How to identify a model that suits multi-part printing
Not every multi-colour model is better served by multi-part printing, and not every designer provides a non-AMS version. These are the signals that a model is a strong candidate for the multi-part approach.
Clear geometric colour boundaries. If the model’s colours are cleanly separated at surface features — a jacket that is a distinct geometric form from the figure beneath it, boots that are clearly separate pieces from the trousers, a hat that has its own geometry rather than being a colour painted onto the top of a head — then multi-part printing can express those boundaries perfectly without any compromise. Flat transitions, clean edges, and geometric separation are the design features that multi-part handles best.
Large scale. Any model whose intended display size exceeds the build plate of your machine is automatically a candidate for multi-part printing, because single-piece printing is not an option at that scale regardless of AMS capability. The scaling potential of multi-part assembly is the primary reason that impressive large-scale seasonal builds like the Grinch and Rudolph are designed as assembly models rather than single-piece prints.
Gift or display use. Models that are going to be handled, displayed, transported, or given to people who will interact with them physically benefit from multi-part repairability. A display piece on a shelf benefits from the cleaner colour separation. A gift benefits from the assembly experience. Both of these factors apply to the seasonal builds and character figures that make up a large proportion of hobbyist printing for non-technical purposes.
Designer investment in assembly quality. ENIQUE3D and ModelLover — the two designers whose multi-part builds I have printed most extensively — have both invested heavily in making the assembly experience as good as the print experience. ENIQUE3D’s connector systems, dry-build documentation, and part identification guides are as considered as the model geometry. ModelLover’s eye locating pins and the careful colour zone geometry across the Mario series represent real design effort in the assembly direction. When a designer has made this investment, the multi-part print is better precisely because the assembly was a design goal rather than an afterthought.
The bottom line
The AMS is a brilliant piece of hardware that changed what desktop FDM printing can do for a large population of users. Multi-part printing is a design approach and workflow that, for a specific and important category of models, produces better results — in colour definition, in scale, in repairability, in waste efficiency, and in the satisfaction of the assembly experience — than the AMS can match.
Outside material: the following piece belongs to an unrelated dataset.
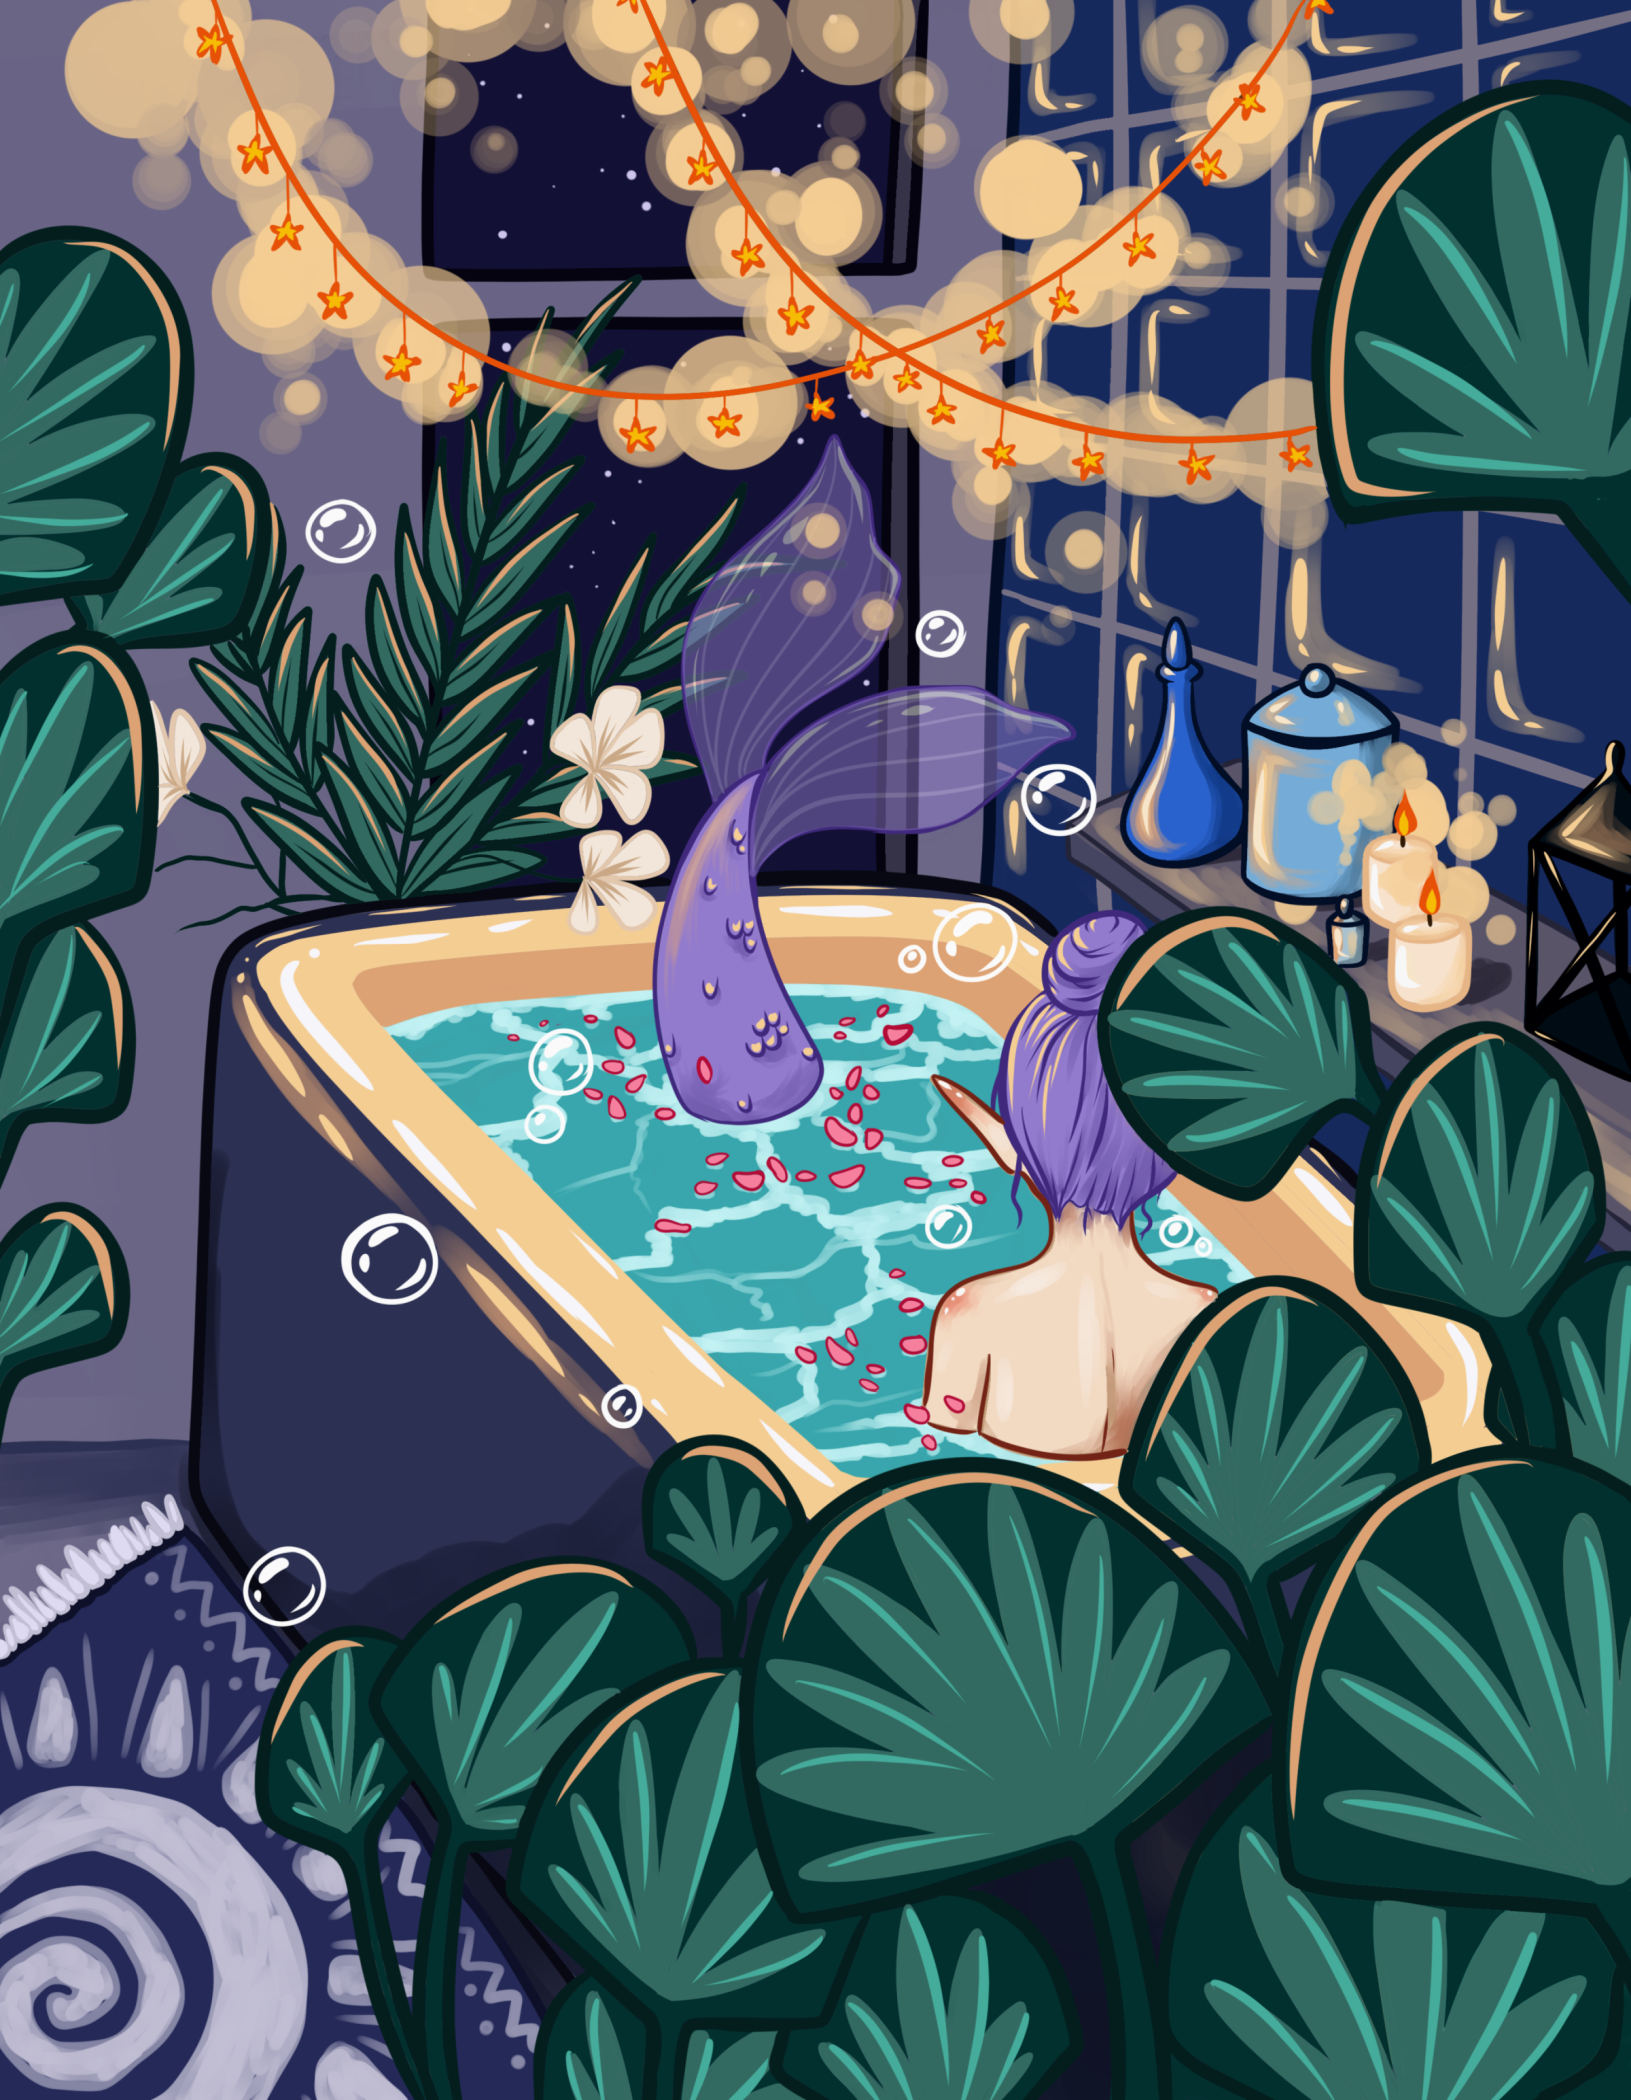 mermaid bath.jpg 5 x 7

These are not competing philosophies. They are different tools for different jobs. A workshop with both the AMS and the knowledge of when to bypass it entirely is better equipped than one that defaults exclusively to either approach. The Mario figure on my godson’s shelf is better for being built rather than printed whole. The remote print I sent from my phone last week is better for being an AMS job rather than requiring me to be present for a sequence of colour jobs. Both things are true. Neither approach wins unconditionally.
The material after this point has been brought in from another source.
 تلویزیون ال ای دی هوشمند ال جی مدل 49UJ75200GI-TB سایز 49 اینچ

What matters is knowing which one to reach for when. For large seasonal builds, character figures with clean geometric colour zones, prints that need to survive handling, prints that will be given as gifts, and prints that would exceed the build plate as a single piece — reach for the multi-part approach. For fine painted detail, remote printing convenience, and models where no good non-AMS version exists — reach for the AMS. Use both deliberately and you are using both correctly.